As a general principle, the ability of many gene drives to spread through a target population relies on both sexual reproduction and generation of heterozygotes for transmission. In particular (assuming transmission via sexual reproduction), because the super‐Mendelian inheritance of SDN gene drives is expressed in heterozygotes, the dynamics of such a gene drive construct (in sexually reproducing populations) will be affected by factors that influence standing heterozygosity levels, notably inbreeding patterns. The implications of this type of mating system plasticity for the success and failure of genetic control strategies are not well explored, yet it might impact the ability of a gene drive to spread in two ways. First, the existence of high levels of inbreeding in natural populations of a target species, and the associated reduction in heterozygosity, might impede the ability of a gene drive strategy to simply function and spread, since many gene drive mechanisms act in heterozygotes. Second, the importance of these traits provides an avenue for the evolution of resistance against a gene drive, by potentially selecting for high levels of inbreeding and/or selfing (Bull, 2016; Bull et al., 2019). This is likely to be of particular relevance in the case of hermaphroditic plant and fungal targets, where self‐fertilization can lead to significant levels of inbreeding, and is therefore likely to hinder the ability of gene drive systems to spread in such populations.
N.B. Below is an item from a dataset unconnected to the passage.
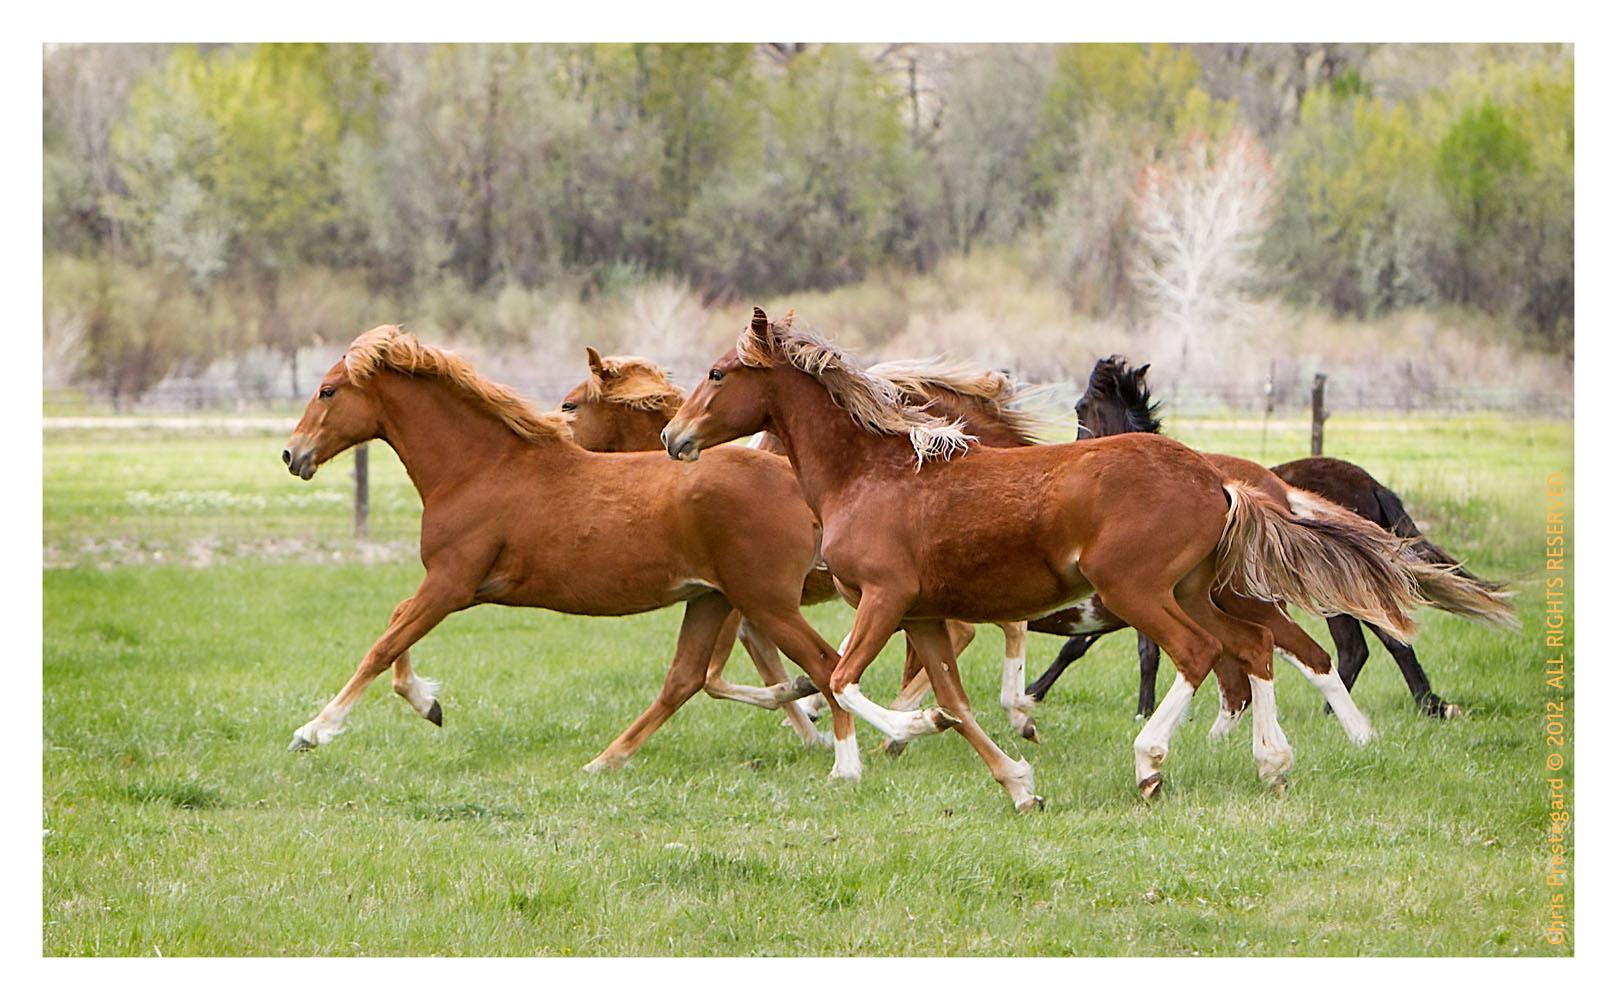 Horse3366-Feb11-2012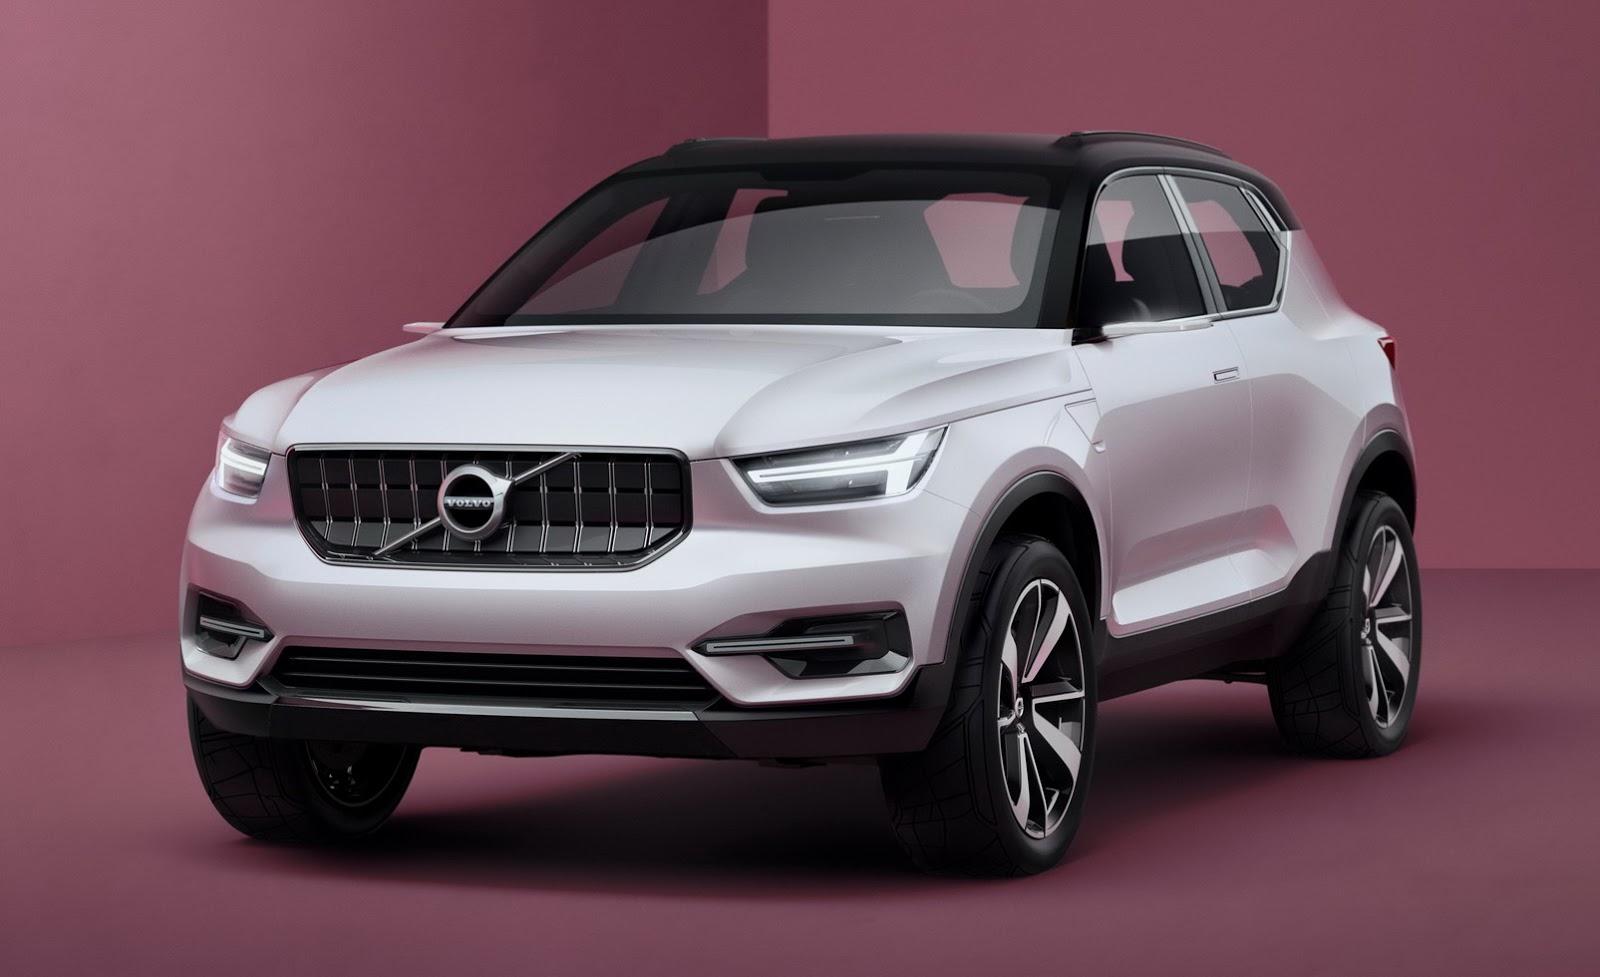 Gelecek Senelere Damga Vuracak SUV Modeller Volvo XC 40

This could cause a lot of pest species to be ruled out as viable targets for control via gene drive, at least in the first instance.

4. OPPORTUNITIES, CHALLENGES AND OPTIONS FOR GENETIC CONTROL IN AGRICULTURAL SYSTEMS

Gene drives are being considered as potential solutions to a wide range of problems, from the control of vectors of human disease to the management of invasive species. While the development of gene drives designed for agricultural purposes would undoubtedly follow in the tracks of some of these more advanced projects, there are properties unique to agricultural systems that would present both specific challenges and opportunities (the focus of this section). Because the dynamics of gene drives are inherently most relevant across populations and at the landscape level, we focus primarily on large‐scale, broadacre farming systems, though gene drives might be relevant for smaller scale production systems (e.g. horticulture).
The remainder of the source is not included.